The next moment we were surrounded with a tribe of leaping peasants, the horses were plunging, torches were waving and casting shadows upon the savage, laughing faces. If I had cursed myself for my happy thought before, I cursed myself still more now; but the situation had to be accepted. And the way in which my bride, blushing crimson from my kiss,—she who had no blush to spare for herself before this night, adapted herself to it was a marvel to me, as indeed all that I was to see or learn of her during our brief moon of wedded life was likewise to prove.
I am bound to say that the Princess herself could not have behaved with a better grace than this burgher daughter amid the wild peasants and their almost Eastern fashion of receiving their liege lady.
Within a little distance of the house it became impossible to advance with the carriage, and we were fain to order a halt and alight all in the stormy wind, and proceed on foot through the throng which had gathered thick and close about the gates, and which even Schultz’s stout cane failed to disperse. My wife—I did not call her so then in my mind, but now I can call her by no other name—my wife passed through them as if she had done nothing all her life but receive the homage of the people. She gave her hand to be kissed to half a hundred fierce lips; she smiled at the poor women who clutched the hem of her gown and knelt before her. The flush my kiss had called into being had not yet faded from her cheek; there was a light in her eye, a smile upon her lip. As I looked at her and watched I could not but admit that there was no need for me to feel ashamed of her, that night.

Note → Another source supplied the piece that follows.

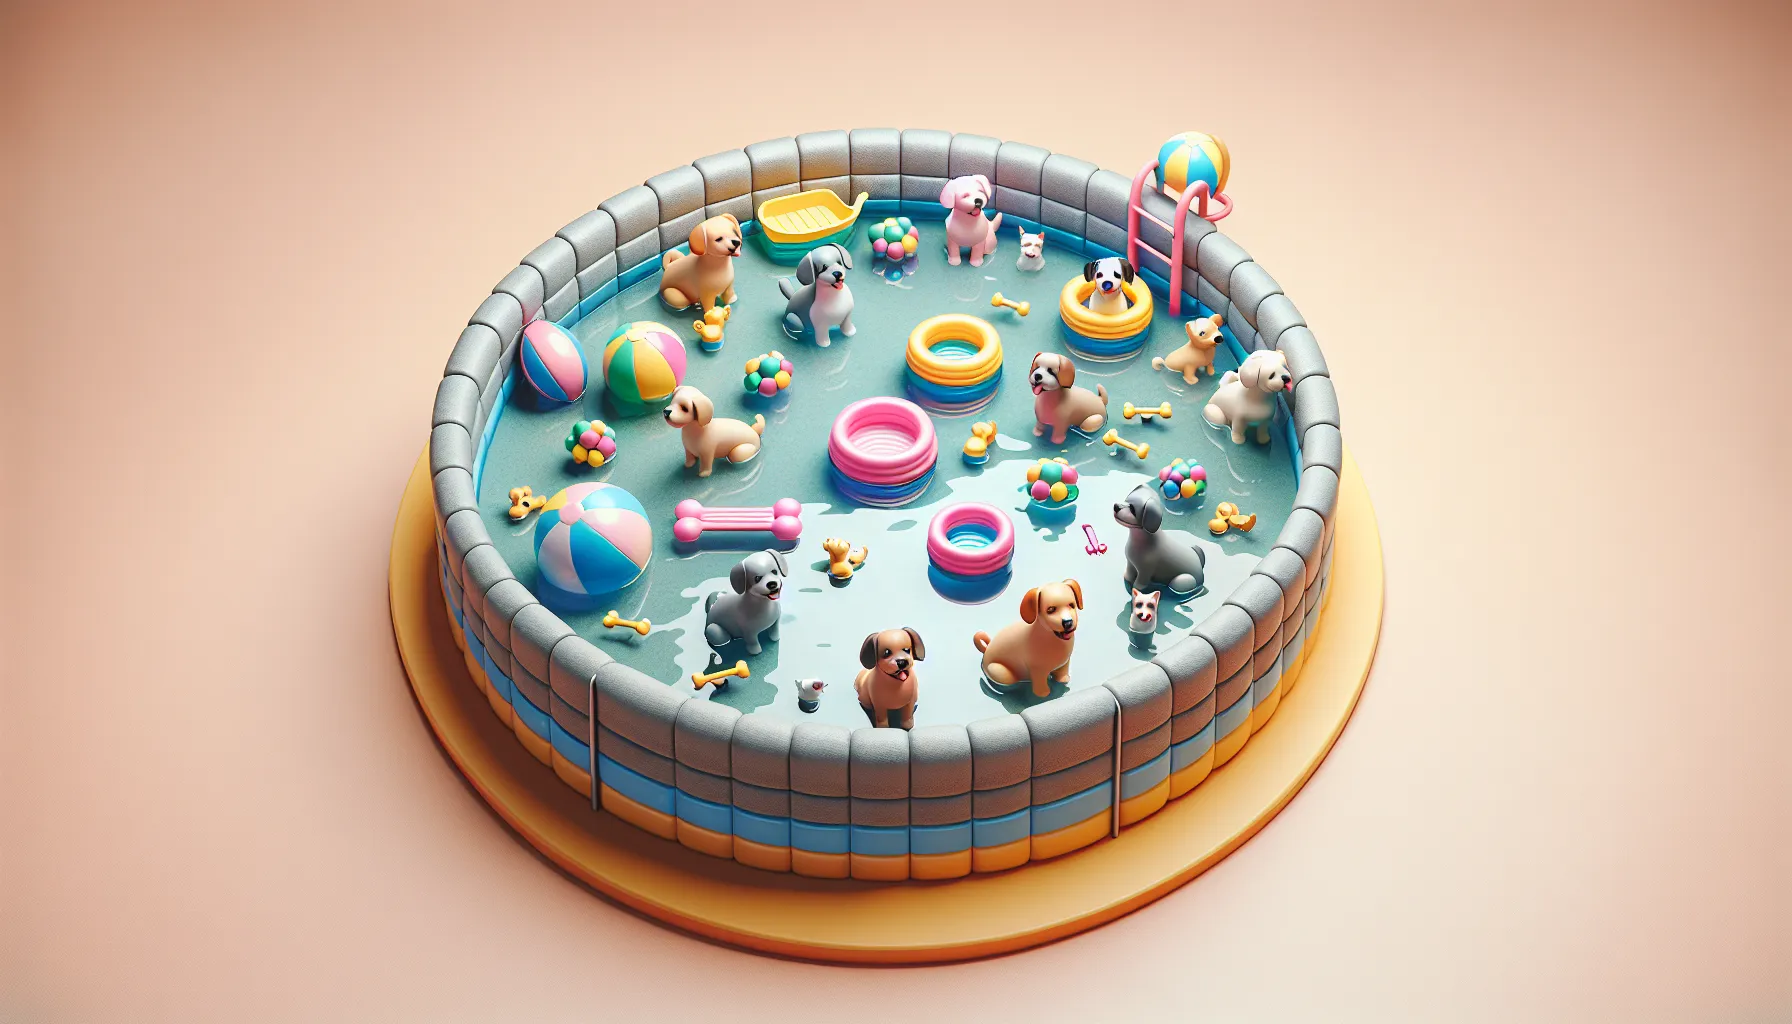 Imagen de una piscina para perros con agua limpia y juguetes flotando, lista para que las mascotas disfruten y se refresquen.

I had sworn to give my bride a royal reception, and a royal reception she received.
Schultz had generously carried out his instructions. We sat down to a sumptuous meal whichwould not have misbefitted the Emperor himself. I could not eat. The acclamations and the rejoicings struck cold upon my ear. But the bride—enigma to me then as now—sat erect in her great chair at the other end of the great table, and smiled and drank and feasted daintily, and met my eye now and again with as pretty and as blushing a look as if I had chosen her among a thousand. The gipsies played their maddening music—the music of my dream—and the cries in the courtyard rose now and then to a very clamour of enthusiasm. Schultz, with a truly German sentimentality, had presented his new mistress with a large bouquet of white flowers. The smell of them turned me faint. I knew that in the great room beyond, all illuminated by a hundred wax candles, was the portrait of my uncle, stern and solitary. I would not have dared to go into that room that night to have met the look of his single watchful eye.
And yet, O God! how are we made and of what strange clay! What would I not give now to be back at that hour! What would I not give to see her there at the head of my board once more! What is all the world to me—what all the traditions of my family—what even the knowledge of her deceit and my humiliation, compared with the waste and desolation of my life without her!